А «Нос» по проспекту гуляет,
а немцы секут шематона,
а Поприщин воображает
себя обладателем трона…
Исчезнуть отсюда, уехать
от этого бреда и вздора!
Да, может, откликнется эхо
на громкий успех «Ревизора»?
Путешествие
Вот он уже с год за границей;
в душе его ходят зарницы,
то жаром восторга охлынут,
то тучи содвинут.
Бороться с бесправьем?

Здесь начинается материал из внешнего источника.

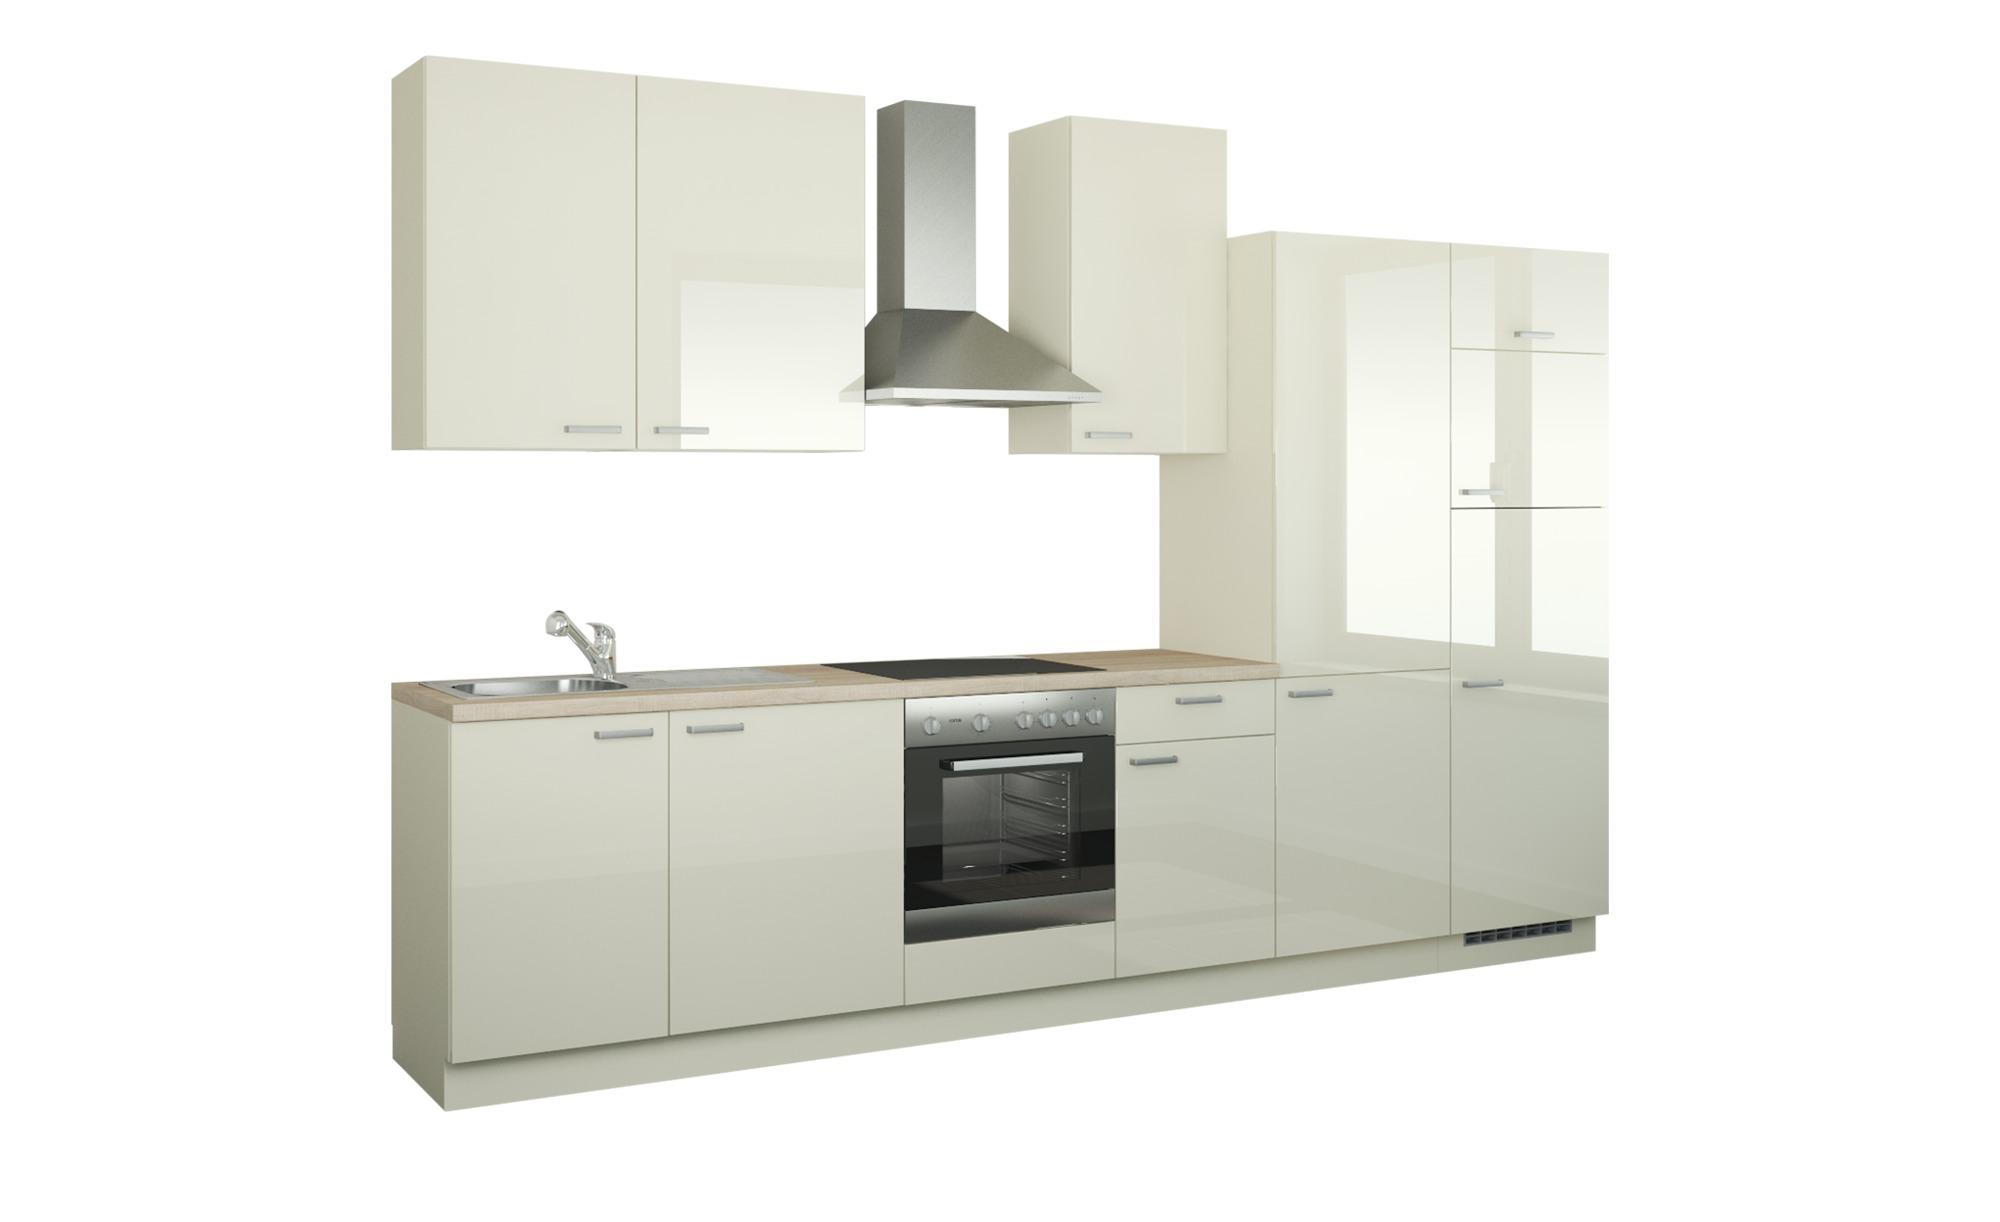 Kuchenzeile Mit Elektrogeraten Duisburg Creme Masse Cm B 340 Kuchen Kuchenblocke Hoffner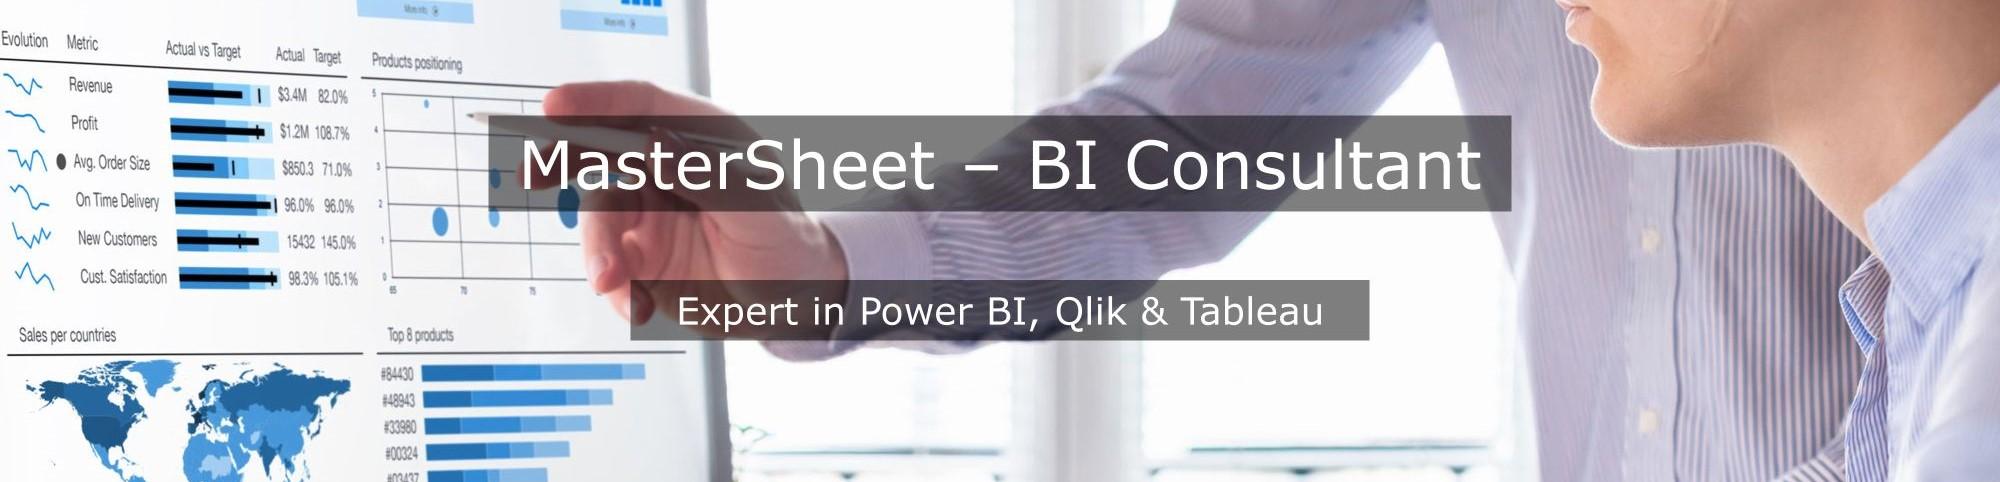 BI consultant Qlikview: MasterSheet helpt u met het bouwen van dashboard en rapportage in Qlikview en Qliksense

Попробуй!
Он едет крахмальной Европой.
Повсюду – цветочные грядки.
Чужие порядки.
Германия, Франция, Альпы…
Так ехать и ехать все вдаль бы,
чтоб скрыться, стереться из вида,
но – морем Европа обрыта.
Нет Пушкина больше на свете!
А кто же в ответе?
Недобрые носятся слухи,
упорны и глухи…
Об этом и думать постыло:
кровавая мгла над короной…
Россия застыла
от лермонтовской похоронной.
Ну, этот был выслан немедля
и пал бездыханный,
еще хорошо – не от петли, –
от пули нежданной.
А те, декабристы?!
Кто в ссылке, а кто всенародно повешен…
Дрожат на виске его жилки,
глядит, как помешан.
Уж если тех… громких фамилий…
Что ждать панычу с Украины?
Страниц его дерзостной силы
бесчисленны вины.
Взять зеркало «Ревизора»:
ведь рожи-то – подлинно кривы;
под сталью жандармского взора
устоев подрывы!
А что у Вольтера в Фернее
ты был, – все зачтут и зачислят:
чего уж свидетельств вернее
развратности мысли!
Лицо венценосного Вия:
поднимутся тяжкие веки,
протянутся пальцы кривые
за горы, за реки…
Так рек широки этих ложа,
так чащи безлюдны и дики,
что – бойся до дрожи
звериного нрава владыки!
Рим
Серебряно небо над Римом
целебно-душевным надрывом,
а лучшее в мире лекарство –
под усом лукавство.
Он бродит средь римских развалин
то радостен, то печален,
и сами несут его ноги
по Аппиевой дороге.
На арке водопровода
лежит он и в небо глядится,
и в небе – различного рода
рой образов дивных родится.
И вспыхивая от восторга,
он скачет по виа-Феличе:
плевать ему на Бенкендорфа –
он понял бессмертья величье!
И, перед конторкою стоя,
он пишет – в работе привычка, –
и едет сквозь жито густое
знакомая пыльная бричка.
Не римская это окрестность,
не мрамор дворца Адриана, –
глухая заросшая местность
в качанье бурьяна.
Обширные русские дали,
где люди свой край полюбили,
где – как бы они ни страдали –
достоинству не изменили.
Хоть будни их многотрудны,
но неисчерпаемы силы,
лишь трутни, плетущие плутни,
пятнают величье России.
Как туши их пышно здоровы –
не лезут в мундиры и фраки, –
густы Собакевича брови,
Ноздрева растрепаны баки.
Поймать, обличить их природу,
потребовать грозно к ответу,
на чистую вывести воду! –
вот родины голос поэту.
В Калуге
Не жилетом, модно сшитым,
не пробором тщательным, –
был он самым знаменитым
русским писателем.
Он толкался в гуще люда,
битого да мятого,
видел, где темно и худо, –
все на ус наматывал.
Вот он нынче на базаре,
где ряды торговые.
В шашки режутся в азарте
рядчики толковые.
Дуя в блюдце с чаем чинно,
сахарок прикусывая,
шапку двигает купчина –
бородища русая.
Ветер был в тот день порывист,
пух вздувал на курице,
пыль столбом – чуть глаз не выест,
круговерть на улице.
Преотличнейшую шляпу
с лентою атласною
ветер, уцепивши в лапу,
сунул в лужу грязную.
Превосходнейшую шляпу,
белую, пуховую,
так сподобило заляпать –
хоть меняй на новую!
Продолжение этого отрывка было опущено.